Eli found Squirrel at the dog park.
Eli loves Squirrel.
Squirrel no longer squeaks. 
Eli removed Squirrel’s squeaker.
He couldn’t help himself.

Howdy, Campers and welcome to my 2012 Poem-A-Day Challenge!  Wowee–I can’t believe it’s here again!  This means I’ve been writing a poem a day since I took the challenge in April 2010.  Two. Whole. Years.  Over six hundred poems.

Ask any writer and I’ll bet 98% of us wonder if we deep-down really ARE writers.  Writing a poem a day has given me an amazing gift–I no longer doubt that I’m a writer.
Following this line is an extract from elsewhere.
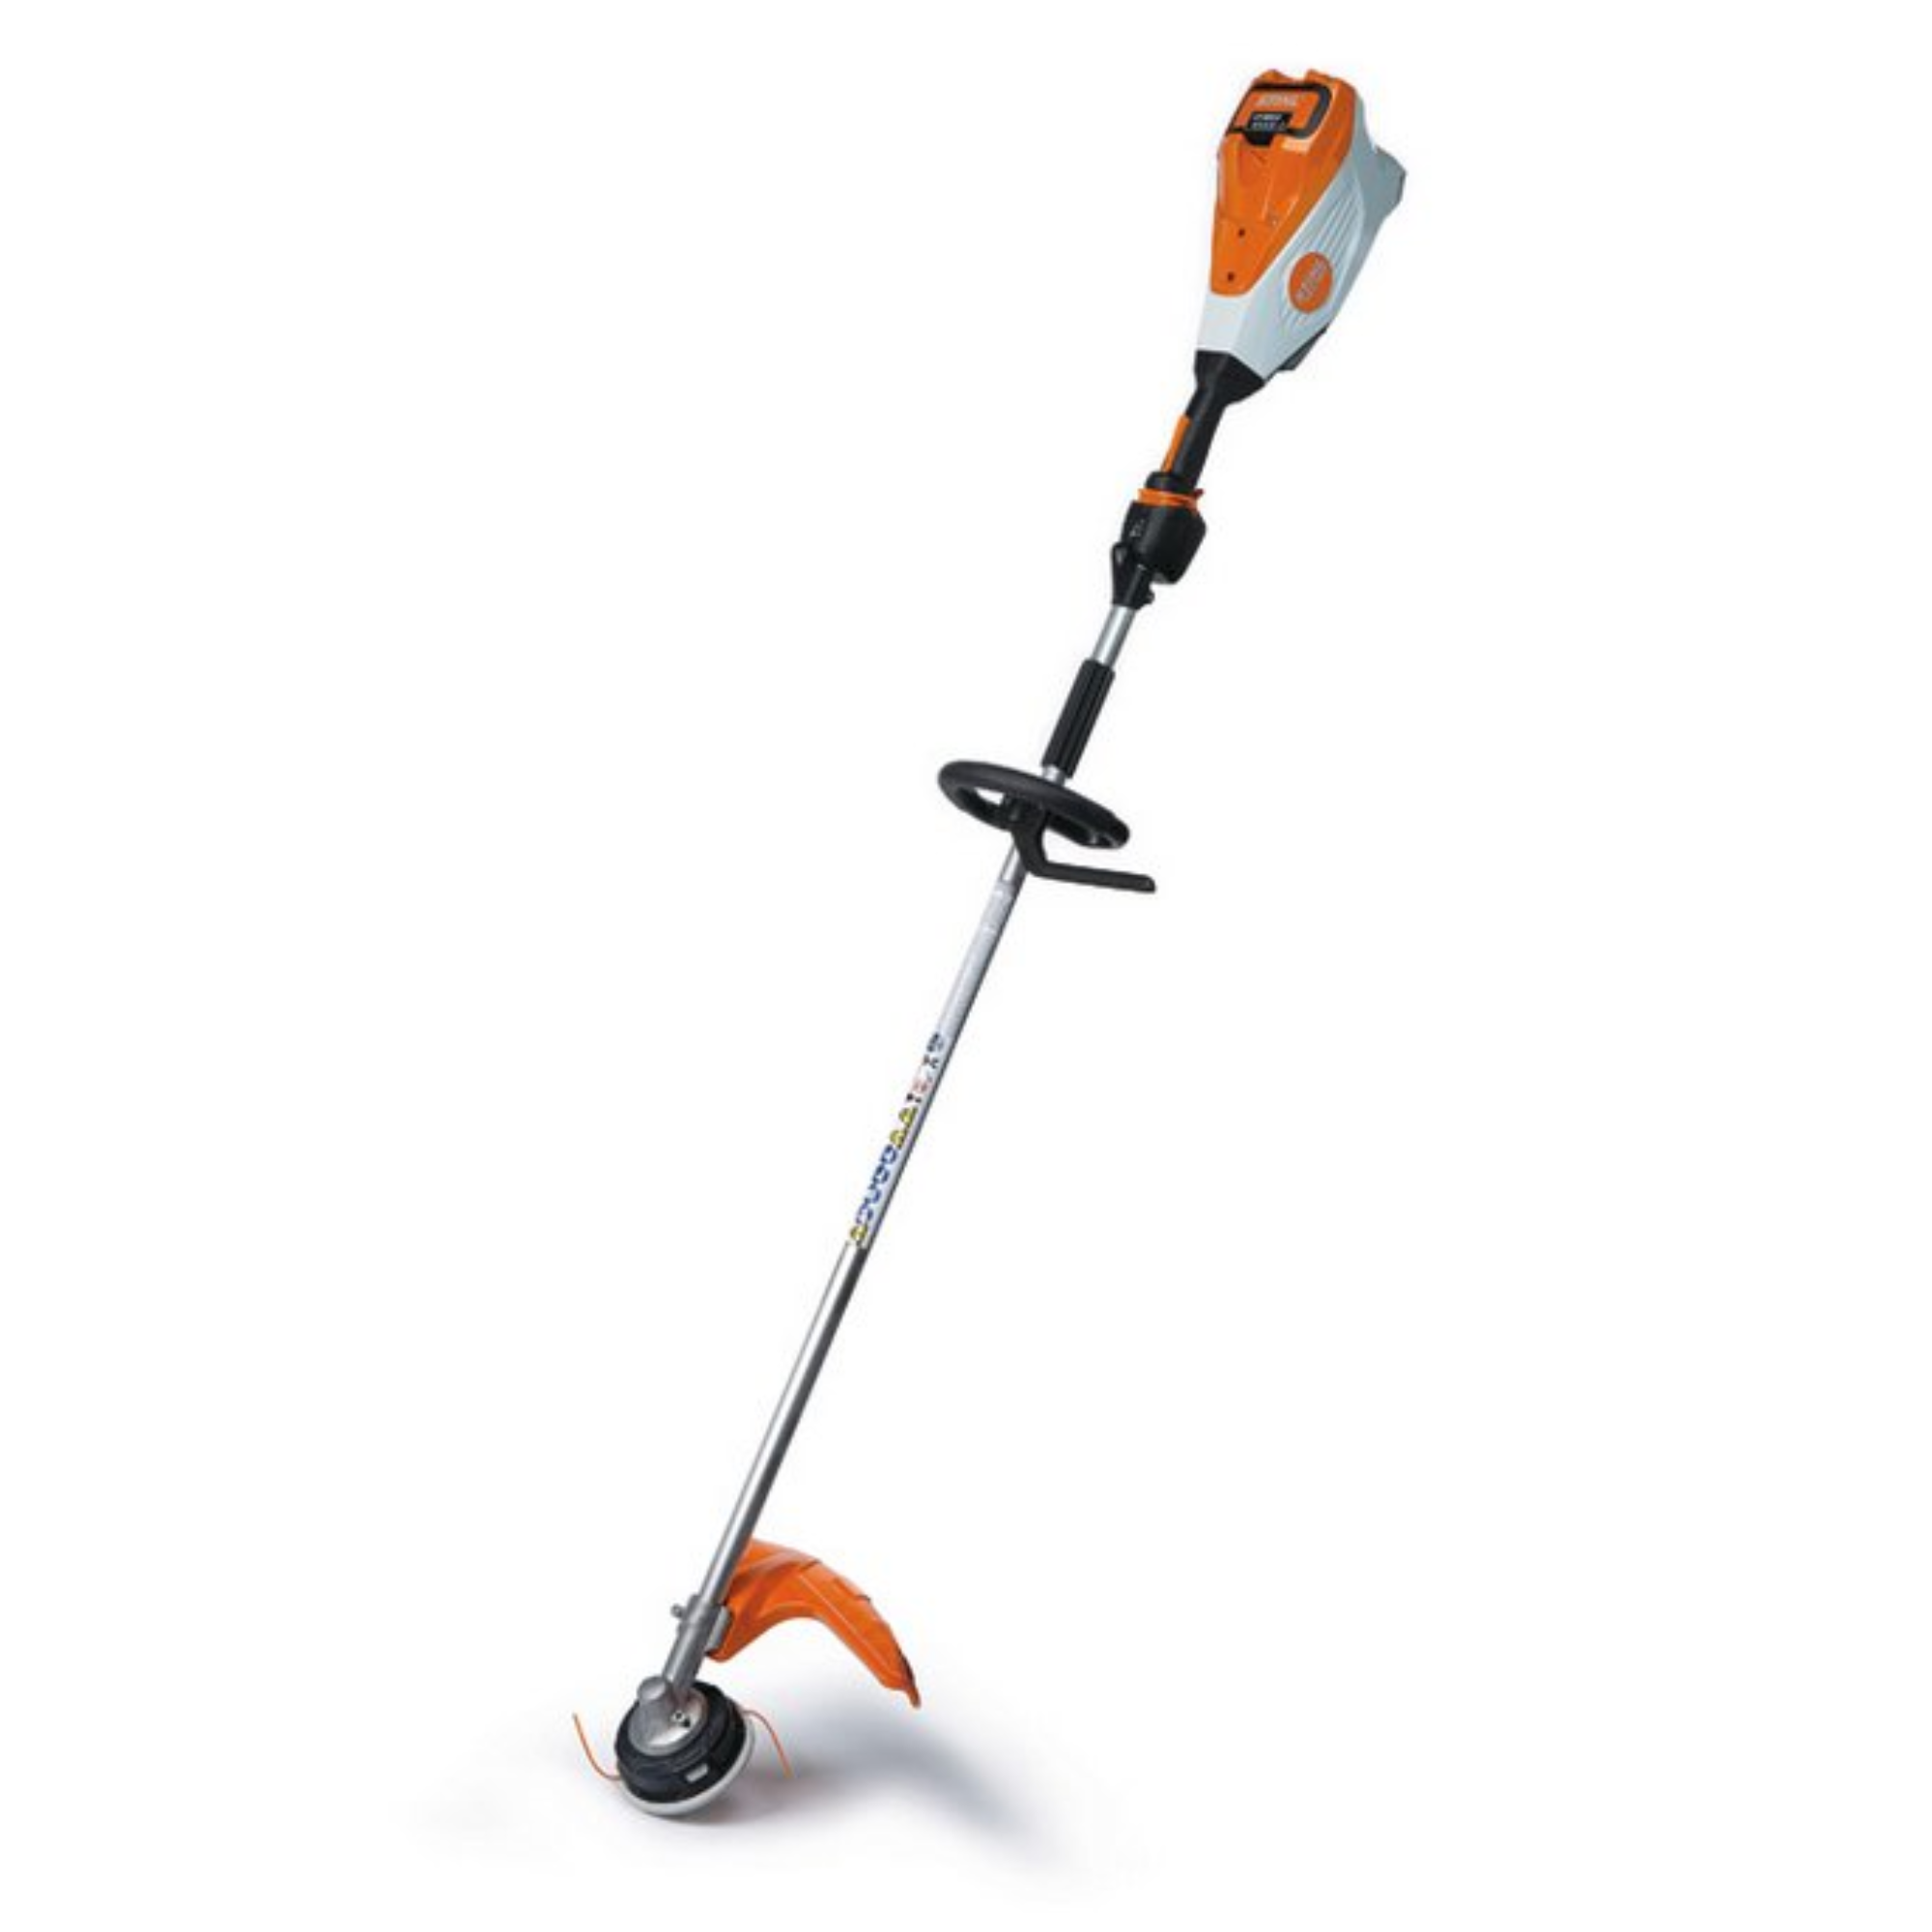 Stihl FSA 135 R Battery Powered String Trimmer | Tool Only
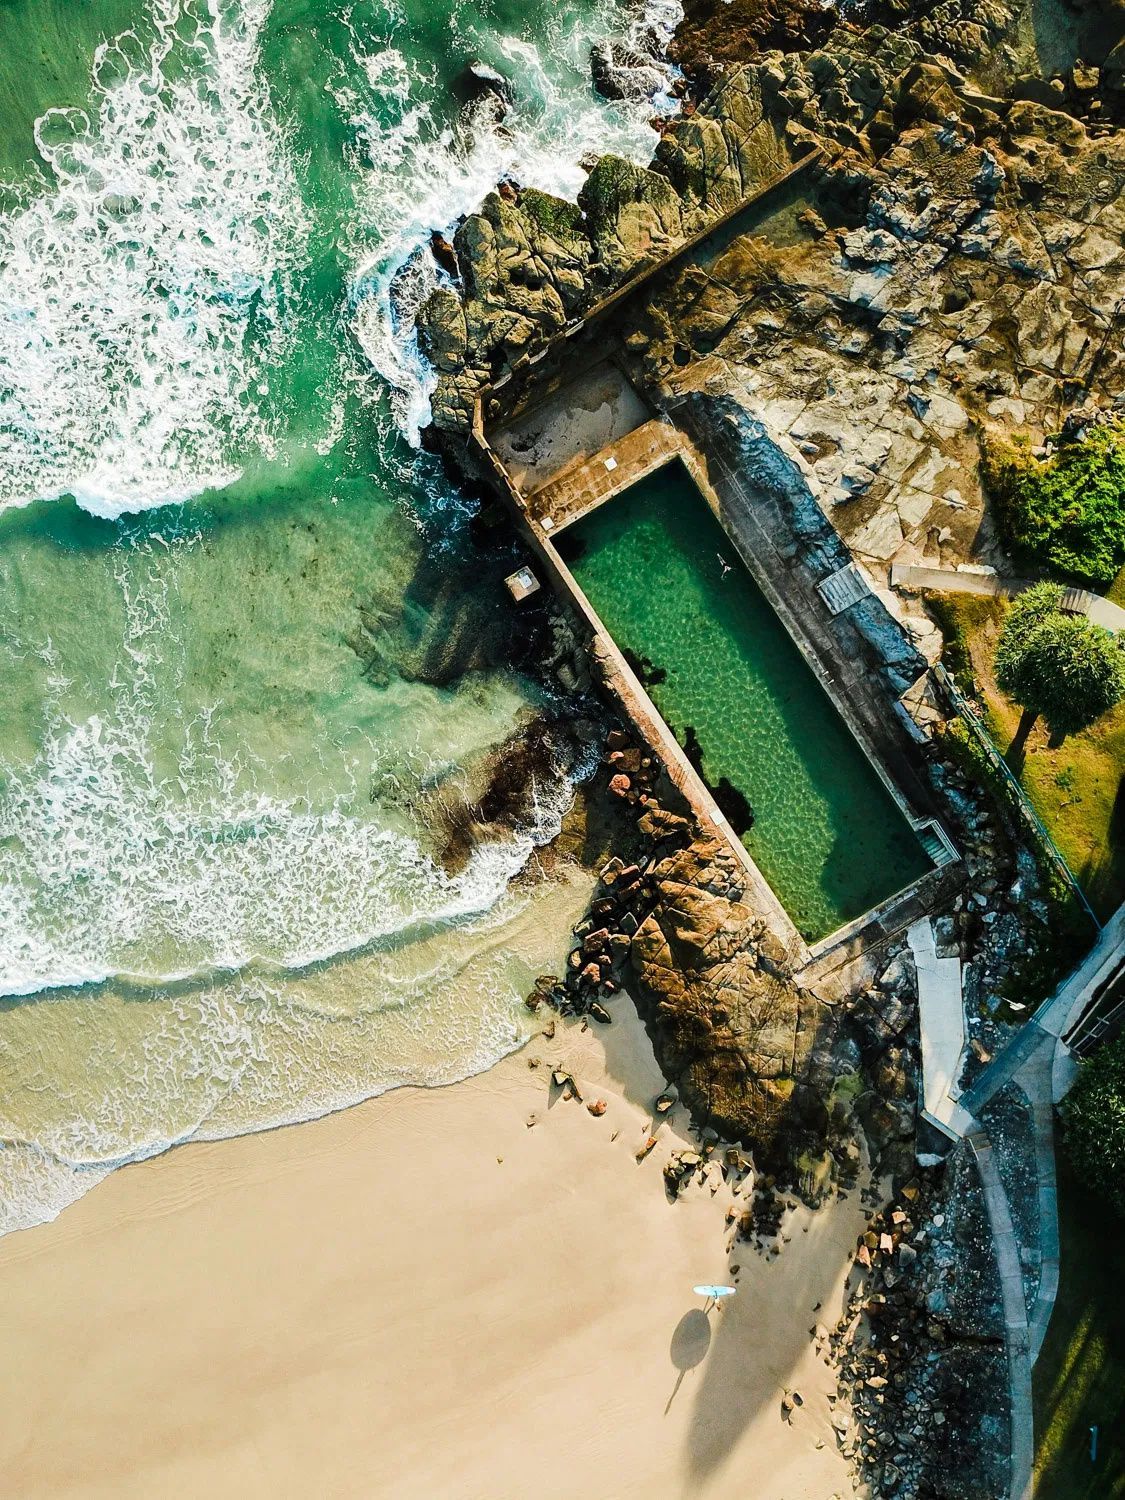 7 Shots to Incorporate for Better Drone Photography

This month, all the poems will be DOG POEMS, because the dog park is my new addiction.  So, let’s get on with the dog show–arf, arf!

 

April 18

SPRING EVENING AT THE DOG PARK


SPRING EVENING AT THE DOG PARK
by April Halprin Wayland

Warm yellow light
spills over all of us,
dogs and humans.

A black setter, a tan lab and my own goofball
whirl around the park
like speed skaters in a roller rink.

Wildly happy eyes,
tongues flying behind
like pink flags,

long legs flying,
Eli in the lead.
Here they come!

Where’d they go?
Then—
bam!

I wake in dust,
open my eyes to faces
partly blocking a softening sky.

Exhuberant dogs
took me out at the knees;
I stay down for a few more minutes

to make the ground
stop waving;
the roll of an earthquake.

Someone
hands me my glasses…
then a dusty lens.

Someone
asks if I know my name
I do

I laugh
because I know
my goofball’s name, too.

Poetry Prompt: I love metaphors in poetry–in all literature–and don’t use enough of ‘em.  So I made a point to stretch my brain and include metaphors in this poem (speed skaters and pink flag.)  I find that if I’m tired, I can’t seem to find metaphors.  A good night’s sleep and they come more easily.

It’s your turn. Describe a scene and include metaphors.  Break up the lines into short stanzas. Eliminate as many “the”s and “and”s as you can.  Does it feel like a poem?